What to produce →
For the records that follow, please set down exactly the lines between the one holding "Acadia CBD & Kratom" and the one holding "<em>Sólo la voluntad", inclusive, and only those.

Extracted data →
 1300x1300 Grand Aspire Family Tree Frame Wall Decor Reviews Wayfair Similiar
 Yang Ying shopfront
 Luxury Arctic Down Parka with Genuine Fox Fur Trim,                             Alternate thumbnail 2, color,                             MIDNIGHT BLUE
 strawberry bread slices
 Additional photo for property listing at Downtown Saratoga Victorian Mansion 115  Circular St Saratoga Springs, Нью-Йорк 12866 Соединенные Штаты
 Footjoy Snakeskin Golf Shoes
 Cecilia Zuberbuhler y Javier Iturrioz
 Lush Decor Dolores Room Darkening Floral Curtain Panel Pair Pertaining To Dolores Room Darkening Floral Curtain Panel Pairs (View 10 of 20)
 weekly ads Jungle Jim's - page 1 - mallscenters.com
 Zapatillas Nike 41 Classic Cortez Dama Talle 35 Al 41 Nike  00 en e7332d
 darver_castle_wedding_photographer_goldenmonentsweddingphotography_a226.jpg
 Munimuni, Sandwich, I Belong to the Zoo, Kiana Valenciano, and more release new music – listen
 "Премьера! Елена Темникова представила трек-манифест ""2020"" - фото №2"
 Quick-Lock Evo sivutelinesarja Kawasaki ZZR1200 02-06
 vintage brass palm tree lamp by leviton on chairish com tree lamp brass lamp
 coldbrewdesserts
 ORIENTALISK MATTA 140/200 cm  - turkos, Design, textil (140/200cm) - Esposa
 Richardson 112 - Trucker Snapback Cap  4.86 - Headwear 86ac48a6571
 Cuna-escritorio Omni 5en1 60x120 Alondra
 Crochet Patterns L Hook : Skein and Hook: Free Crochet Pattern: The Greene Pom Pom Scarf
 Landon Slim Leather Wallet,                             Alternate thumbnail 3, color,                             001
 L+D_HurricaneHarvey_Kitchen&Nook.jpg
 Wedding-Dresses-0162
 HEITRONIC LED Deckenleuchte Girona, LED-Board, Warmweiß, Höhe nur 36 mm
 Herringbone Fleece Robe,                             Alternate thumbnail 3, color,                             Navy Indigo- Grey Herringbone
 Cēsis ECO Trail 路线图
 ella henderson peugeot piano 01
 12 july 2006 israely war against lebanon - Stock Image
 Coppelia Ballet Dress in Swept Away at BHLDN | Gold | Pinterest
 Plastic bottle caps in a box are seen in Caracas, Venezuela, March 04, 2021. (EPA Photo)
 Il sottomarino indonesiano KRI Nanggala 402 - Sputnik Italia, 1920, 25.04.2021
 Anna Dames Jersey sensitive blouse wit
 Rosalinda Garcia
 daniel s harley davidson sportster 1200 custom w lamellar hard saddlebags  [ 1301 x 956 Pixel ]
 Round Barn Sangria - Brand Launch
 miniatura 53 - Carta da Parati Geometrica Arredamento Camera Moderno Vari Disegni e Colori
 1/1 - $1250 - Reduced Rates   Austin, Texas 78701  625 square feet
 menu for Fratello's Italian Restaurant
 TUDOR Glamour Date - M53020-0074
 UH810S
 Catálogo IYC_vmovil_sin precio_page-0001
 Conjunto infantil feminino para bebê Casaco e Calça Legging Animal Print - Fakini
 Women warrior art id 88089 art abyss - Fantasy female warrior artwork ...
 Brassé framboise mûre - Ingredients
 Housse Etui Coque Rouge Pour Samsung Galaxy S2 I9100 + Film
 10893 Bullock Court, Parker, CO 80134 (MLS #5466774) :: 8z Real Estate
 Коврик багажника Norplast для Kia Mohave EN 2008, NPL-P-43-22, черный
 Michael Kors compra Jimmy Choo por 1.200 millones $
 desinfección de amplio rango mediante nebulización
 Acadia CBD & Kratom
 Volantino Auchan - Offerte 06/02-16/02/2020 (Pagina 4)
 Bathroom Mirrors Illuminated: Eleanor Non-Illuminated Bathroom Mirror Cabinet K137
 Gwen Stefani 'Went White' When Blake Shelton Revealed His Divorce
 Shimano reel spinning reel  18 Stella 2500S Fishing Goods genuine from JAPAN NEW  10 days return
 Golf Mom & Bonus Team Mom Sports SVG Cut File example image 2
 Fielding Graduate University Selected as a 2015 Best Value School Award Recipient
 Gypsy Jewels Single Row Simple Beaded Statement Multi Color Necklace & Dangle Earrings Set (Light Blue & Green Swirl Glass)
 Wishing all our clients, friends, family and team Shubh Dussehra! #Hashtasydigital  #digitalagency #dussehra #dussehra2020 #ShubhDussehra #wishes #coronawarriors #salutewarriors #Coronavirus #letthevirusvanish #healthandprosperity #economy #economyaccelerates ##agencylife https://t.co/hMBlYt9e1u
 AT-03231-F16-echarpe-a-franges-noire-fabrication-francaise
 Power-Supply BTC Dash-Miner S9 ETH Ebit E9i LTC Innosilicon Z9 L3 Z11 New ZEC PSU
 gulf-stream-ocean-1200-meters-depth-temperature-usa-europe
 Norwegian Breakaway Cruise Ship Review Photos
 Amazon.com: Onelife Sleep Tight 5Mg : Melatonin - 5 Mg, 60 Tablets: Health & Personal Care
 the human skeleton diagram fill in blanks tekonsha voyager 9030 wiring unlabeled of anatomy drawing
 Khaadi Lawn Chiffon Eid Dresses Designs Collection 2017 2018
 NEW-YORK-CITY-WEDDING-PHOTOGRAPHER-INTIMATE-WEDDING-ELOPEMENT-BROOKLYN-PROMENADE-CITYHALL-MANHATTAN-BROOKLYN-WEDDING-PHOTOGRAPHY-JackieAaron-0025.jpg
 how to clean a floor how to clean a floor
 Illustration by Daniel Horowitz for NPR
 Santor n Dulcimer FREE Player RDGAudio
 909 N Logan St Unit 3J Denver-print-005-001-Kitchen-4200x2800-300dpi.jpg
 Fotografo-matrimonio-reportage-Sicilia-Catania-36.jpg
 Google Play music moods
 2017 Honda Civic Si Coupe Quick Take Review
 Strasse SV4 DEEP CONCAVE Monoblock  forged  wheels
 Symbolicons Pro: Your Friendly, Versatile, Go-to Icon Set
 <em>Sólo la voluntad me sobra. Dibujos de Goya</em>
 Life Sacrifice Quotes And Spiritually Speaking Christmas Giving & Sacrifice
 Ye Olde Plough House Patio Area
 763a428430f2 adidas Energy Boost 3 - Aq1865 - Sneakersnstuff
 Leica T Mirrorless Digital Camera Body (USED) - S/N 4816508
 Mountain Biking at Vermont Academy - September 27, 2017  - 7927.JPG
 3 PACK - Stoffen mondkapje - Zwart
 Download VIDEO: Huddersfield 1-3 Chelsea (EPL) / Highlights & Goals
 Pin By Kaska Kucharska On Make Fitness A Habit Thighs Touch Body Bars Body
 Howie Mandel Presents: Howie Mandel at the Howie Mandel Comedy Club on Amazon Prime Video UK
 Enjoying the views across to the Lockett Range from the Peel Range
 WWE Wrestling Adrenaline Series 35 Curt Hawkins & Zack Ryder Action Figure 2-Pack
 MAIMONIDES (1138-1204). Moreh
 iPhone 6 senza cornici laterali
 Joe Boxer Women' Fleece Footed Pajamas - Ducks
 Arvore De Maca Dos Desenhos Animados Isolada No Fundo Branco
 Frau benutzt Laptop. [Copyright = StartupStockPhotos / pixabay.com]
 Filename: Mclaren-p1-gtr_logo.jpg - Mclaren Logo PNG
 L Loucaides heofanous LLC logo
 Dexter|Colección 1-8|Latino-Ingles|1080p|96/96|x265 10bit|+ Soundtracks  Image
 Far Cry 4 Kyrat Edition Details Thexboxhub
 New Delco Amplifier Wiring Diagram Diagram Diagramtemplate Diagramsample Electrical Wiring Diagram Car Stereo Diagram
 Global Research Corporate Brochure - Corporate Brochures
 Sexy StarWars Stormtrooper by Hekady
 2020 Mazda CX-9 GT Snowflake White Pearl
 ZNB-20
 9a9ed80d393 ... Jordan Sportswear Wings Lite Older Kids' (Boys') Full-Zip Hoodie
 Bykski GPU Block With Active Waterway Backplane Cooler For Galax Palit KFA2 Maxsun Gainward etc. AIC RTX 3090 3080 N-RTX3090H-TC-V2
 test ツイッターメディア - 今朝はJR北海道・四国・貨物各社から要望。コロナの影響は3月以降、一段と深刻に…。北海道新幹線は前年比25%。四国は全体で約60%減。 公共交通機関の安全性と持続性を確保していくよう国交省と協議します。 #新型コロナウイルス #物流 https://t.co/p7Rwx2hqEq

Solved problem →
 Acadia CBD & Kratom
 Volantino Auchan - Offerte 06/02-16/02/2020 (Pagina 4)
 Bathroom Mirrors Illuminated: Eleanor Non-Illuminated Bathroom Mirror Cabinet K137
 Gwen Stefani 'Went White' When Blake Shelton Revealed His Divorce
 Shimano reel spinning reel  18 Stella 2500S Fishing Goods genuine from JAPAN NEW  10 days return
 Golf Mom & Bonus Team Mom Sports SVG Cut File example image 2
 Fielding Graduate University Selected as a 2015 Best Value School Award Recipient
 Gypsy Jewels Single Row Simple Beaded Statement Multi Color Necklace & Dangle Earrings Set (Light Blue & Green Swirl Glass)
 Wishing all our clients, friends, family and team Shubh Dussehra! #Hashtasydigital  #digitalagency #dussehra #dussehra2020 #ShubhDussehra #wishes #coronawarriors #salutewarriors #Coronavirus #letthevirusvanish #healthandprosperity #economy #economyaccelerates ##agencylife https://t.co/hMBlYt9e1u
 AT-03231-F16-echarpe-a-franges-noire-fabrication-francaise
 Power-Supply BTC Dash-Miner S9 ETH Ebit E9i LTC Innosilicon Z9 L3 Z11 New ZEC PSU
 gulf-stream-ocean-1200-meters-depth-temperature-usa-europe
 Norwegian Breakaway Cruise Ship Review Photos
 Amazon.com: Onelife Sleep Tight 5Mg : Melatonin - 5 Mg, 60 Tablets: Health & Personal Care
 the human skeleton diagram fill in blanks tekonsha voyager 9030 wiring unlabeled of anatomy drawing
 Khaadi Lawn Chiffon Eid Dresses Designs Collection 2017 2018
 NEW-YORK-CITY-WEDDING-PHOTOGRAPHER-INTIMATE-WEDDING-ELOPEMENT-BROOKLYN-PROMENADE-CITYHALL-MANHATTAN-BROOKLYN-WEDDING-PHOTOGRAPHY-JackieAaron-0025.jpg
 how to clean a floor how to clean a floor
 Illustration by Daniel Horowitz for NPR
 Santor n Dulcimer FREE Player RDGAudio
 909 N Logan St Unit 3J Denver-print-005-001-Kitchen-4200x2800-300dpi.jpg
 Fotografo-matrimonio-reportage-Sicilia-Catania-36.jpg
 Google Play music moods
 2017 Honda Civic Si Coupe Quick Take Review
 Strasse SV4 DEEP CONCAVE Monoblock  forged  wheels
 Symbolicons Pro: Your Friendly, Versatile, Go-to Icon Set
 <em>Sólo la voluntad me sobra. Dibujos de Goya</em>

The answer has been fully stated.